2. On another window:
$ while true; do ldapsearch -x -h localhost -p 1389 -D "cn=Directory Manager" -w Secret123 -b "dc=example,dc=com" "(cn=*)"; done

**********It gives me Operations error (1)**************************************

Run the commands for an hour or so.
If you don't see the following error message in the error log
and the server keeps running, the fix is verified.

************I am getting below ***********************************************
[amsharma@amsharma /]$ tail -f /var/log/dirsrv/slapd-amsharma/errors
[30/Mar/2011:19:08:00 +051800] - ldbm: 'example' is already in the middle of another task and cannot be disturbed.
[30/Mar/2011:19:08:00 +051800] - import example: Processing file "/tmp/export.ldif"
[30/Mar/2011:19:08:00 +051800] - import example: Finished scanning file "/tmp/export.ldif" (9 entries)
[30/Mar/2011:19:08:01 +051800] - import example: Workers finished; cleaning up...
[30/Mar/2011:19:08:01 +051800] - import example: Workers cleaned up.
[30/Mar/2011:19:08:01 +051800] - import example: Cleaning up producer thread...
[30/Mar/2011:19:08:01 +051800] - import example: Indexing complete.  Post-processing...
[30/Mar/2011:19:08:01 +051800] - import example: Flushing caches...
[30/Mar/2011:19:08:01 +051800] - import example: Closing files...
[30/Mar/2011:19:08:02 +051800] - import example: Import complete.  Processed 9 entries in 1 seconds. (9.00 entries/sec)

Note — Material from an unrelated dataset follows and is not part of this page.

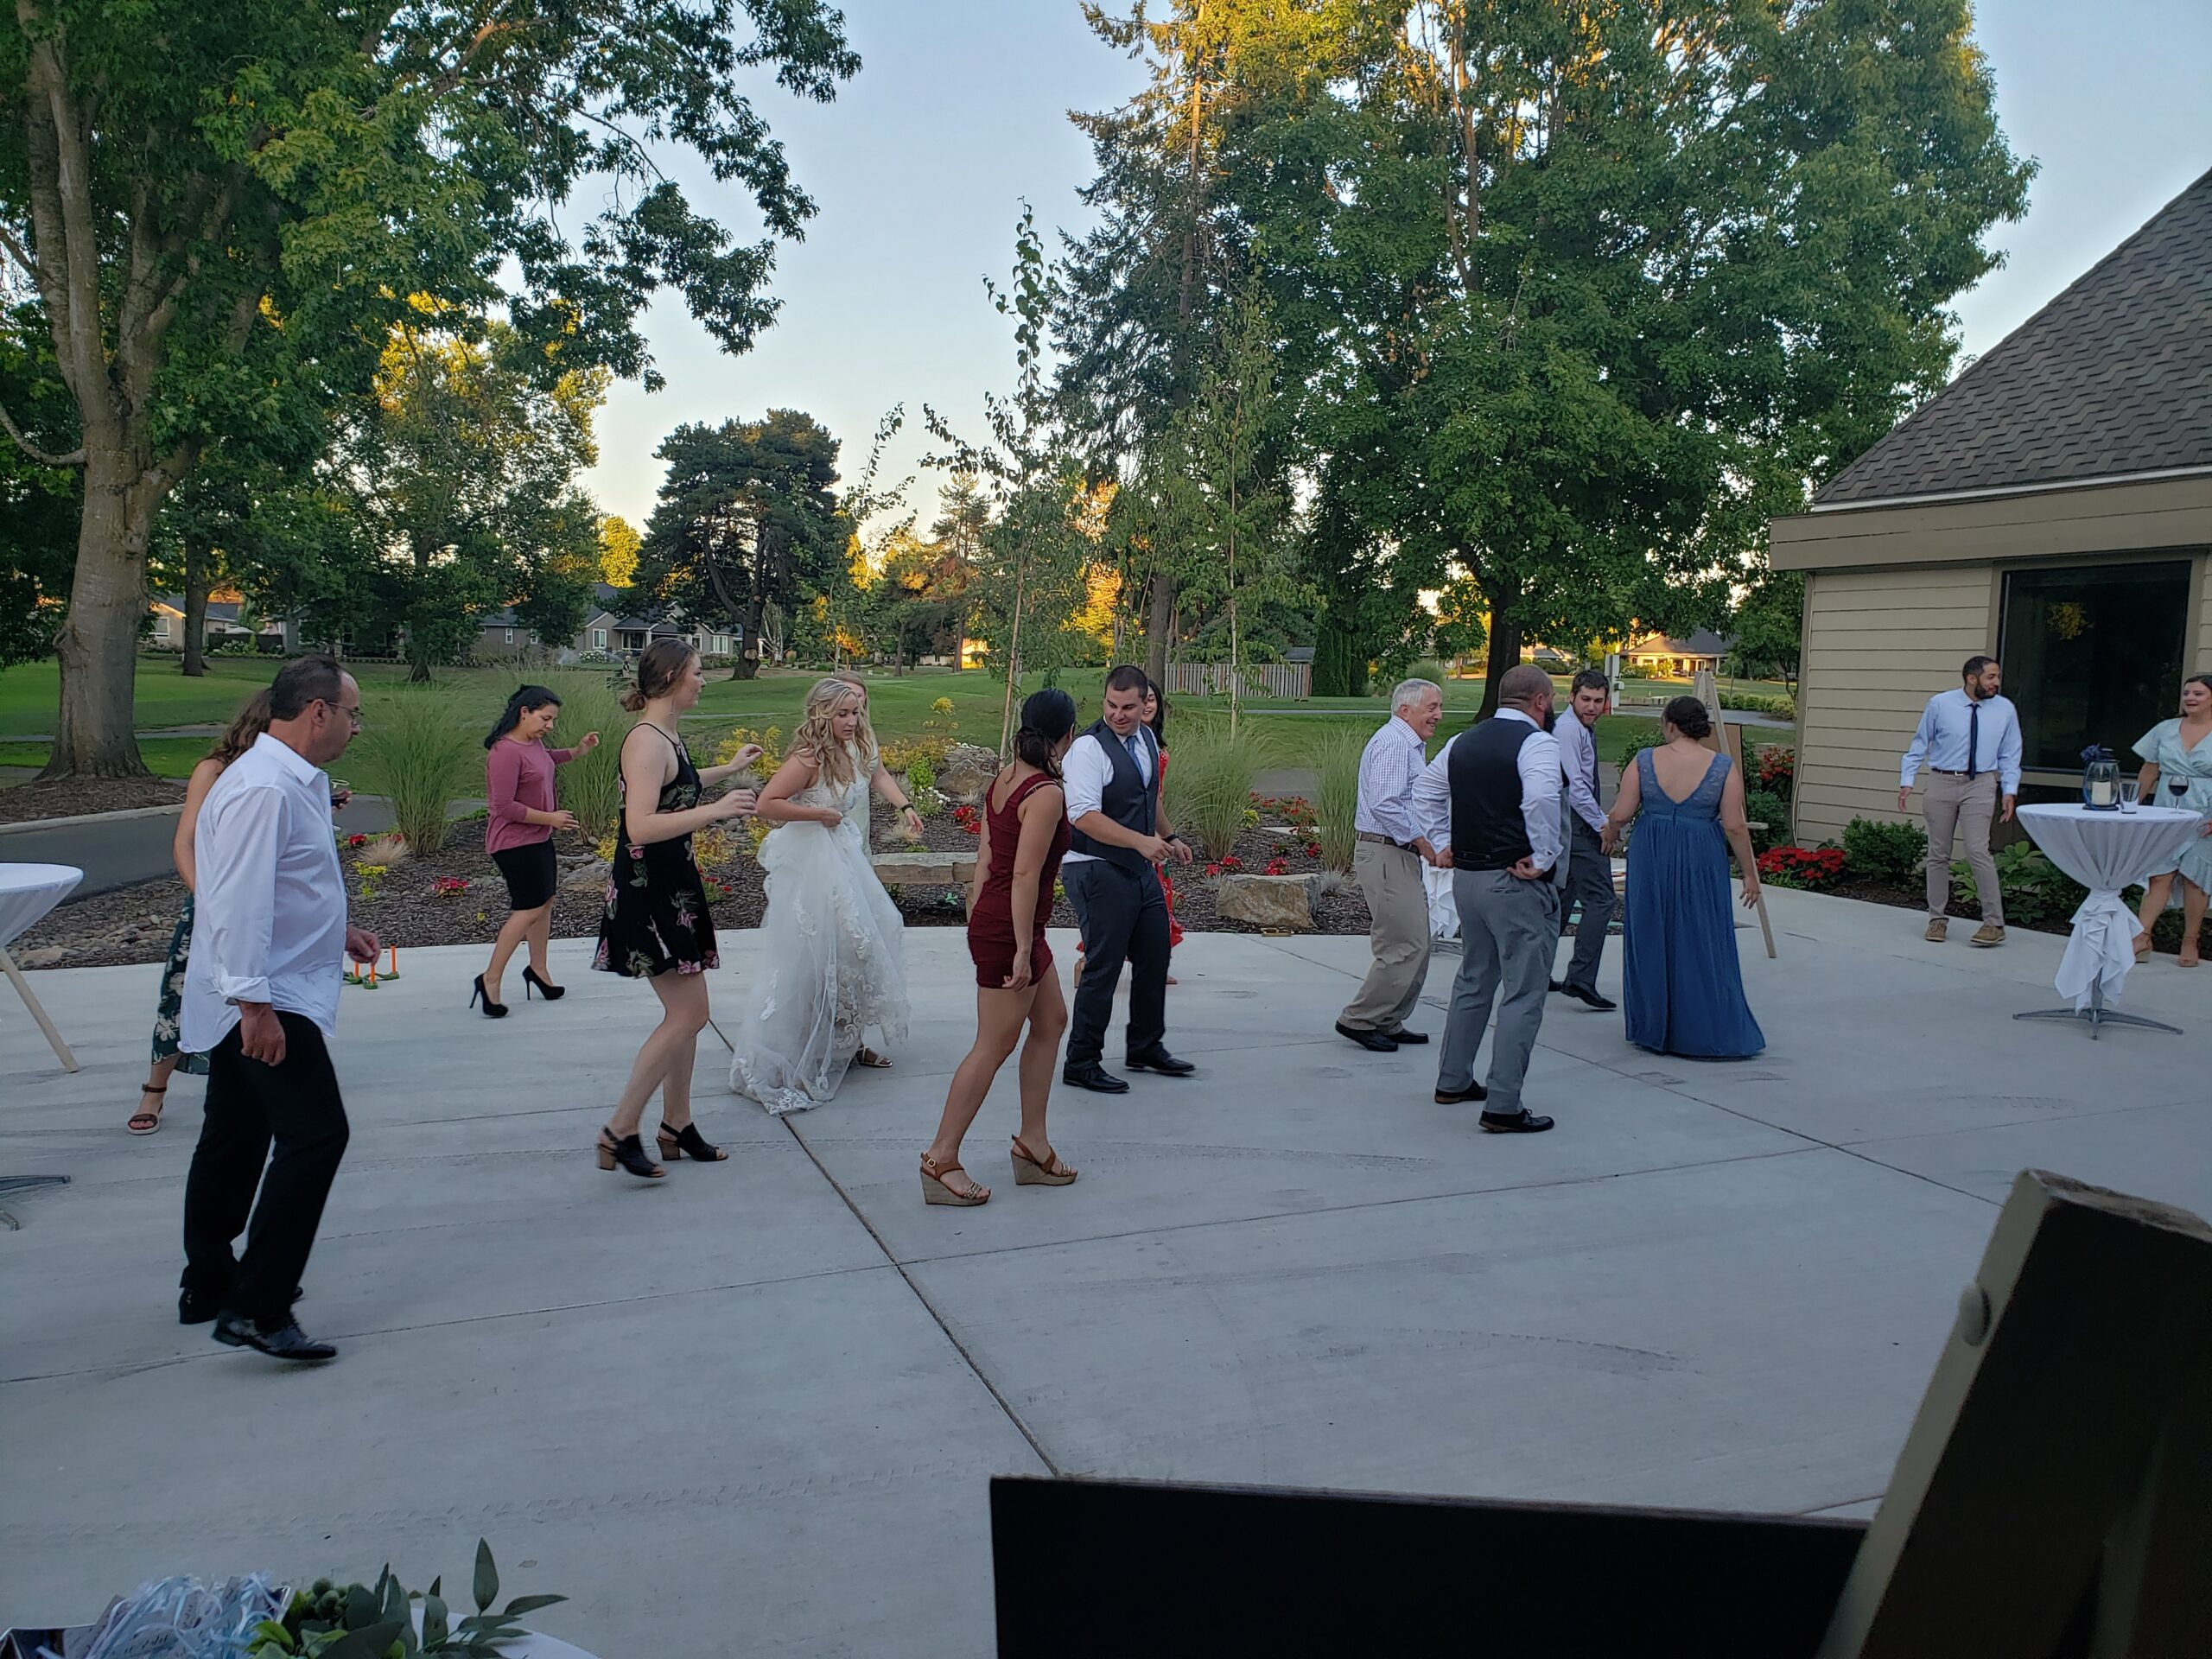 Charbonneau Country Club Wilsonville Wedding (7-24-2021)

********************Noriko, is it as expected, I am not getting this error "entrycache_clear_int"*********************************************************************************

2. Description: 
When Simple Paged Results is requested and a page is
returned, one entry is read ahead to check whether more entries
exist or not.  The read-ahead retrieves an entry (if any) and adds
it into the entry cache.  Simple Paged Results code puts the read-
ahead entry back, but there was missing to call cache_return for
the entry (that decrementing refcnt).  If ldif2db.pl is called with
the cache state, it finds out the entry which is still referred.
This patch calls cache_return when the Simple Paged Results puts
the read-ahead entry back.  Plus, adding a debug function dump_hash.

Verify steps :
Prepare a server with some entries (> 10 entries).
Run Simple Paged Result search and stops before getting all entries.
  $ ldapsearch -x -h localhost -p 1389 -b "dc=example,dc=com" -E pr=2 "(cn=*)"
  ...
  # search result
  search: 8
  result: 0 Success
  control: 1.2.840.113556.1.4.319 false MAcCAgPbBAEy
  pagedresults: estimate=987 cookie=Mg==
  Press [size] Enter for the next {2|size} entries.

Run ./db2ldif.pl
  # ./db2ldif.pl -D 'cn=directory manager' -w Secret123 -n userRootNT -a /tmp/export.ldif

Run ./ldif2db.pl
  # ./ldif2db.pl -n userRootNT -D 'cn=directory manager' -w Secret123 -i /tmp/export.ldif
  
Check error log:
  # grep entrycache_clear_int /var/log/dirsrv/slapd-ID/errors
  # echo $?
  1
If the keyword is not found in the error log, the bug was verified.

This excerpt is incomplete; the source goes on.